**** Dataset section
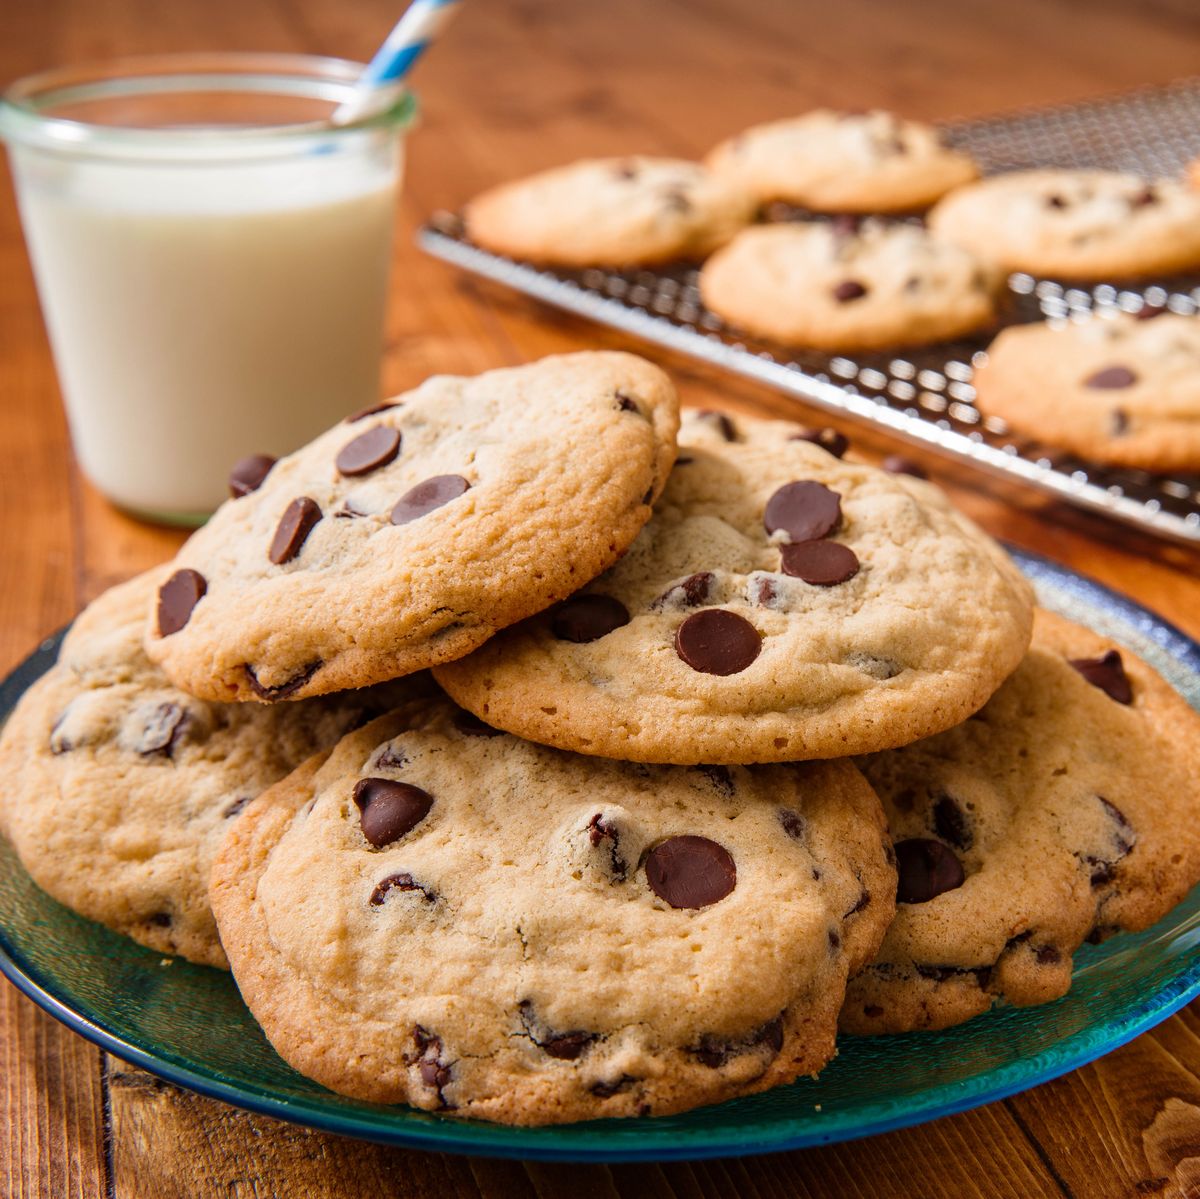 How To Store Homemade Chocolate Chip Cookies
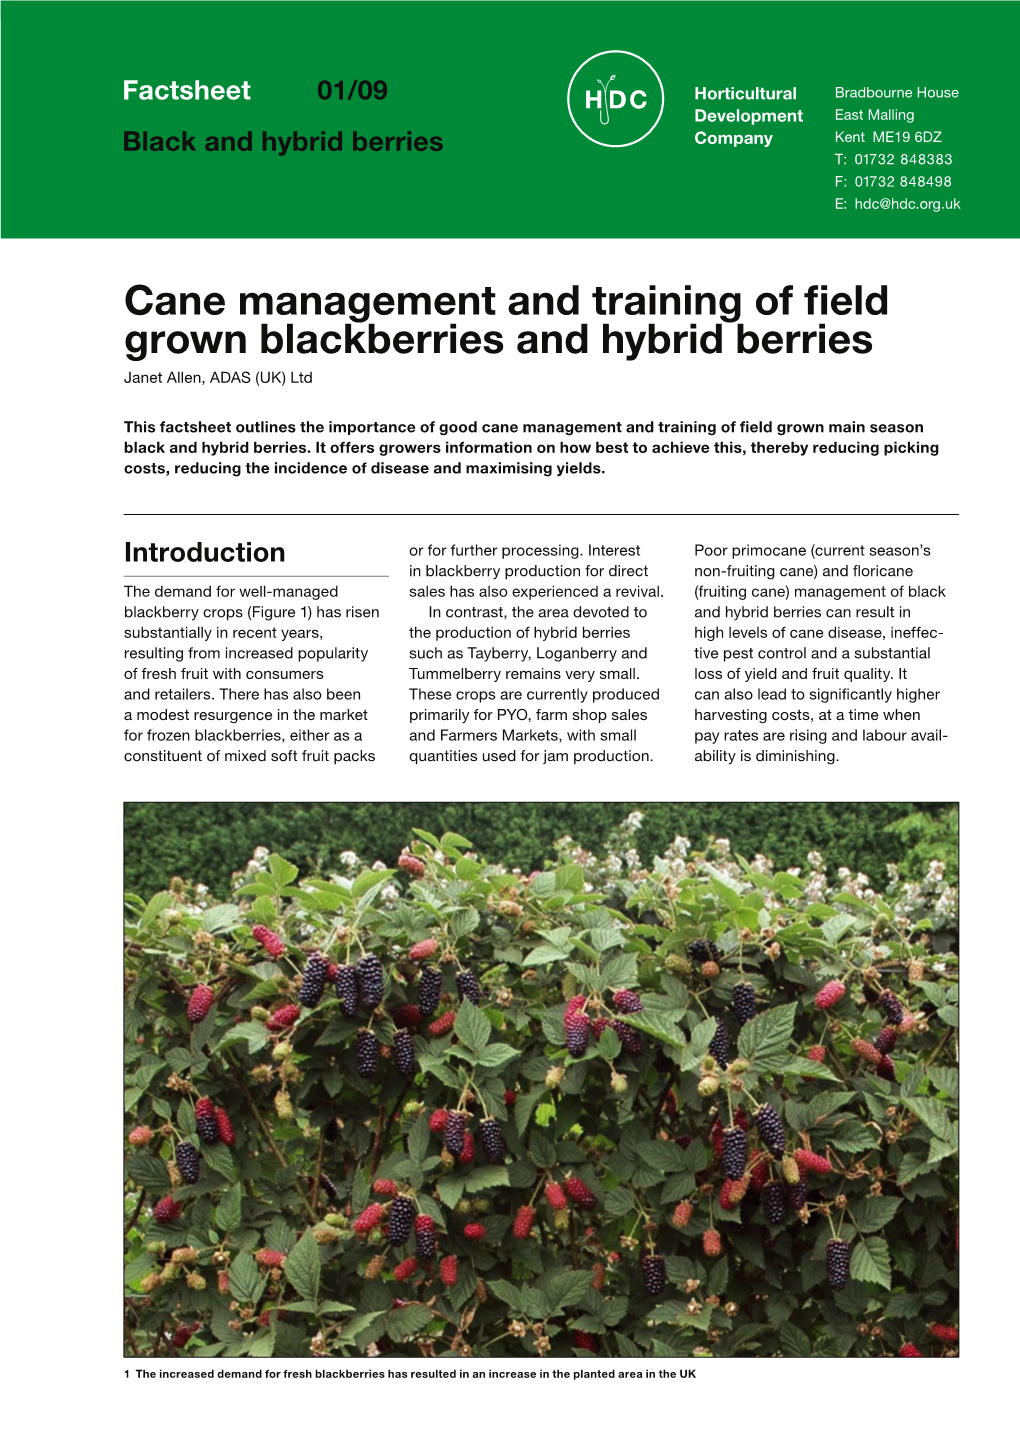 Cane Management and Training of ﬁeld Grown Blackberries and Hybrid Berries.Pdf
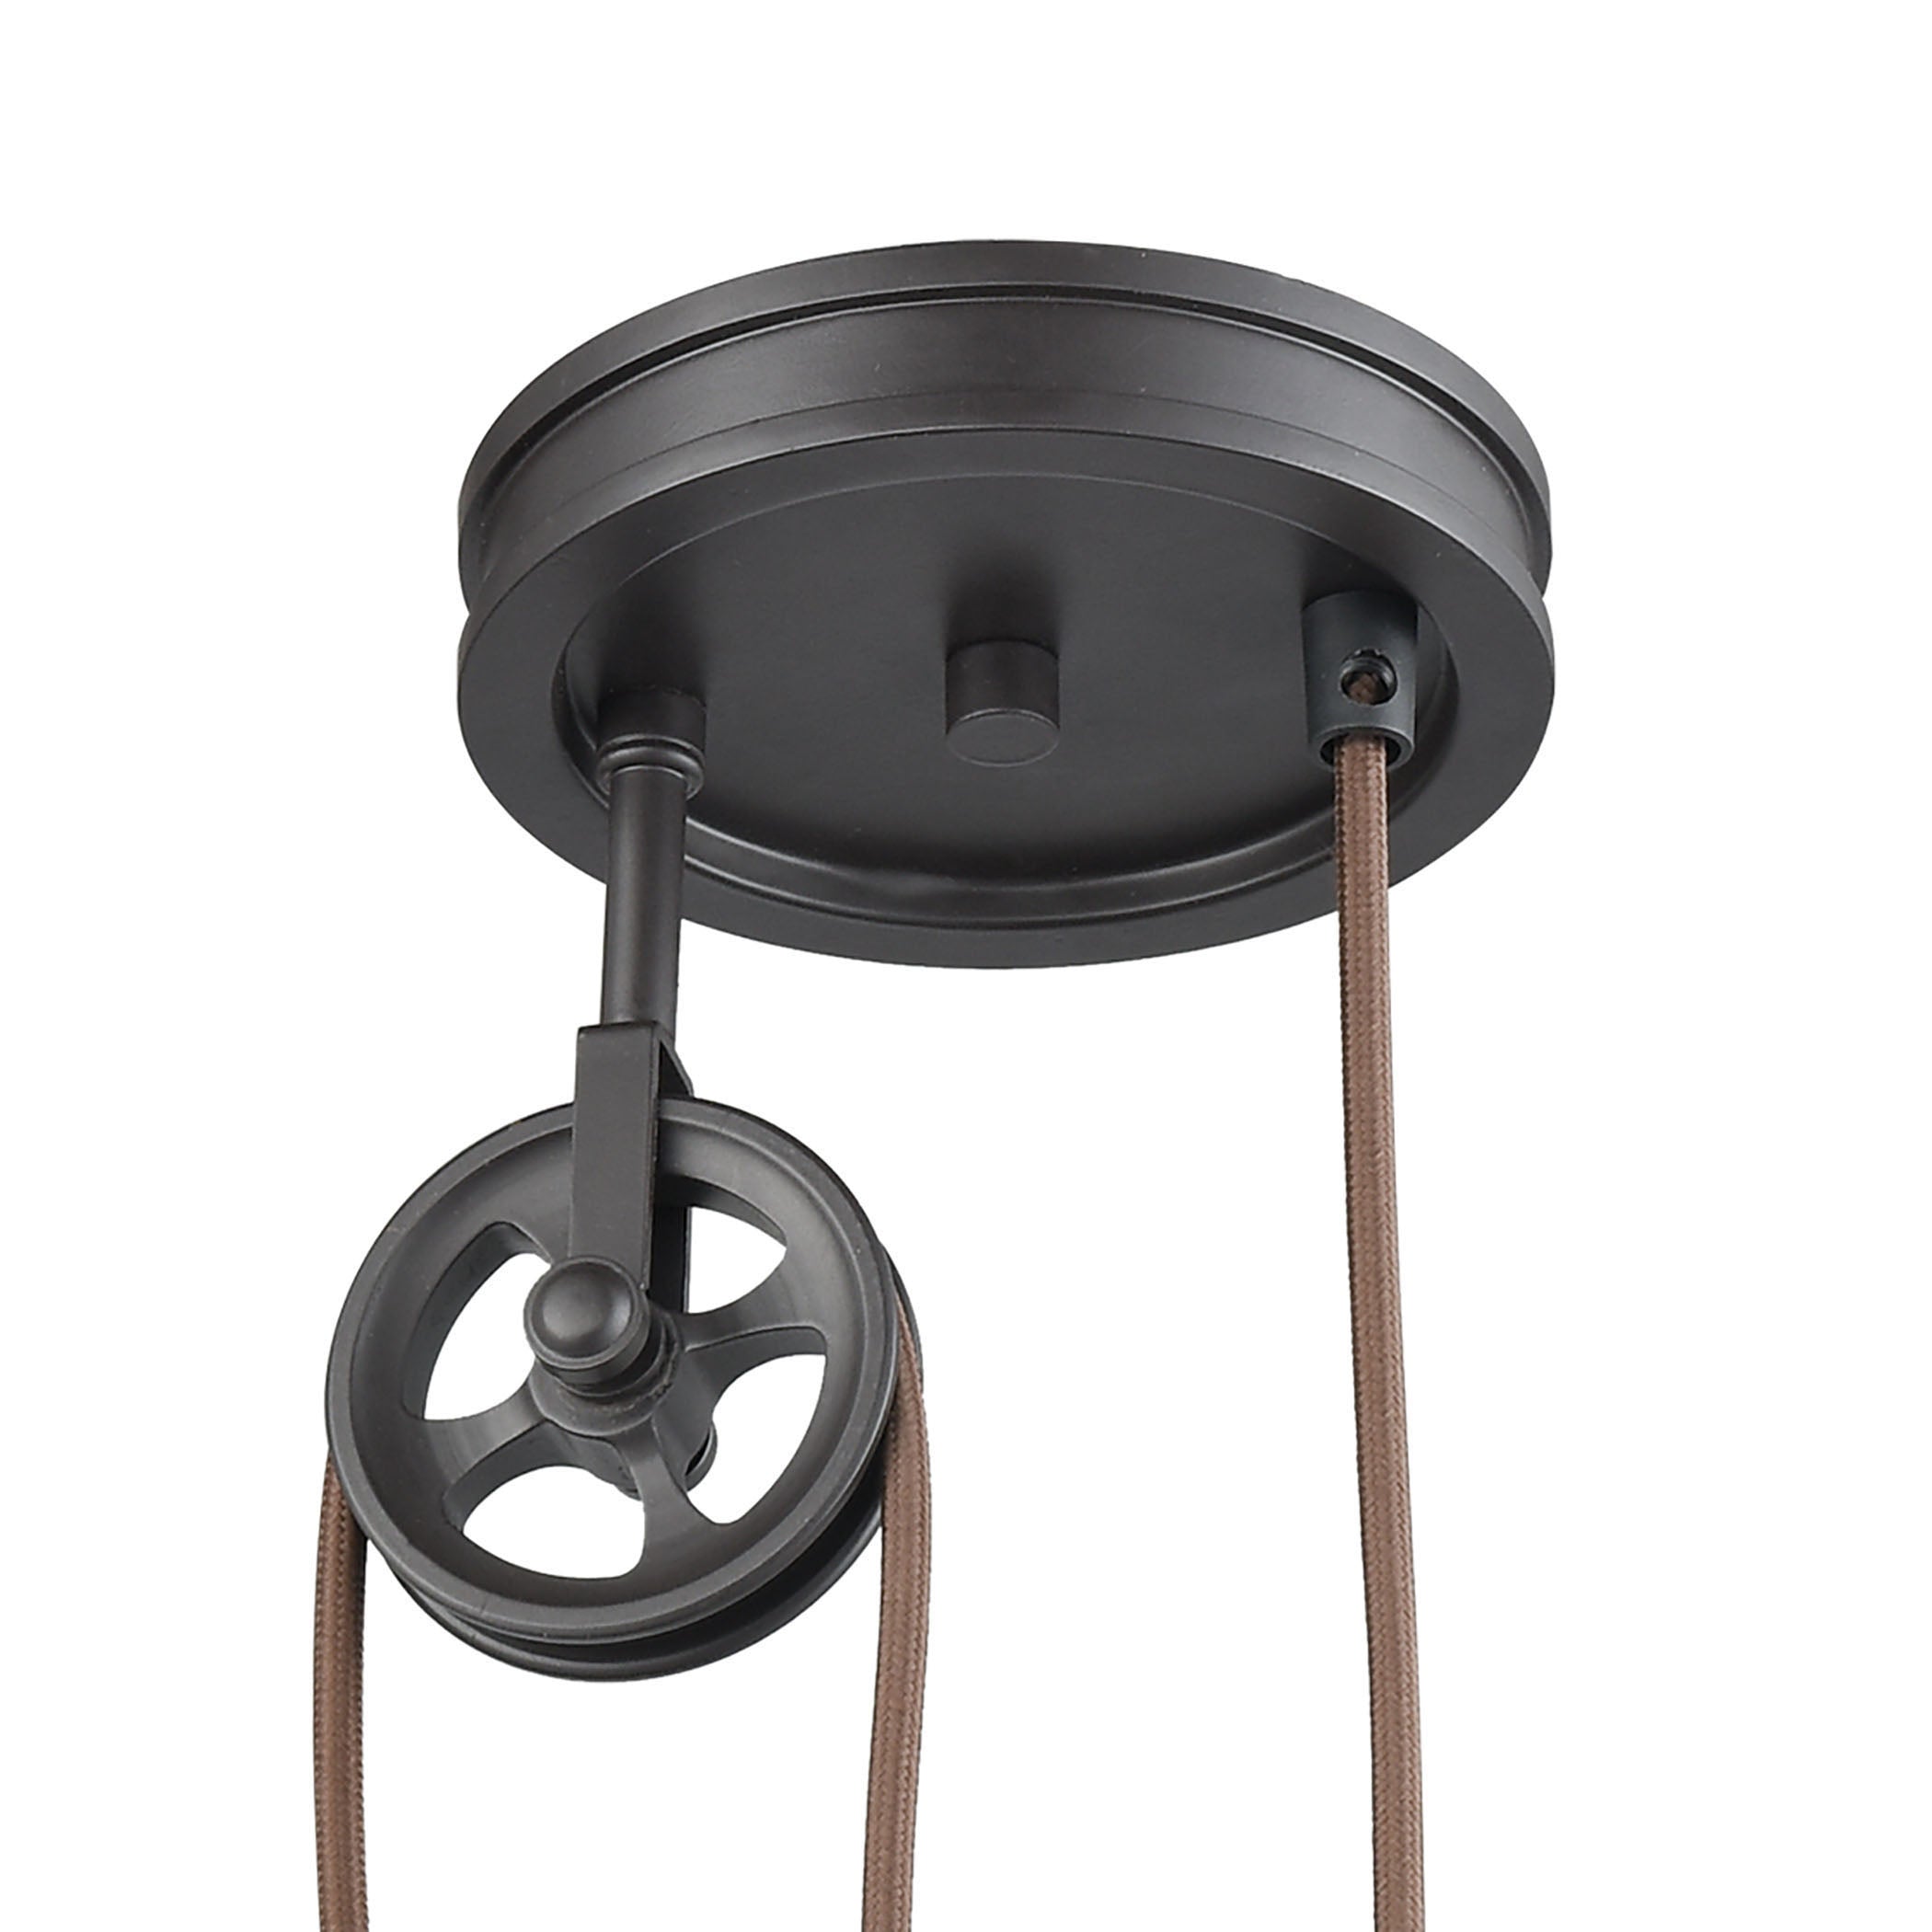 ELK Lighting 69083/1 Spindle Wheel 1-Light Adjustable Pendant in Oil Rubbed Bronze with Matching Shade
********
Your objective =
Return the data above unchanged. Pictures are not part of the copy.

Reply =
 How To Store Homemade Chocolate Chip Cookies
 Cane Management and Training of ﬁeld Grown Blackberries and Hybrid Berries.Pdf
 ELK Lighting 69083/1 Spindle Wheel 1-Light Adjustable Pendant in Oil Rubbed Bronze with Matching Shade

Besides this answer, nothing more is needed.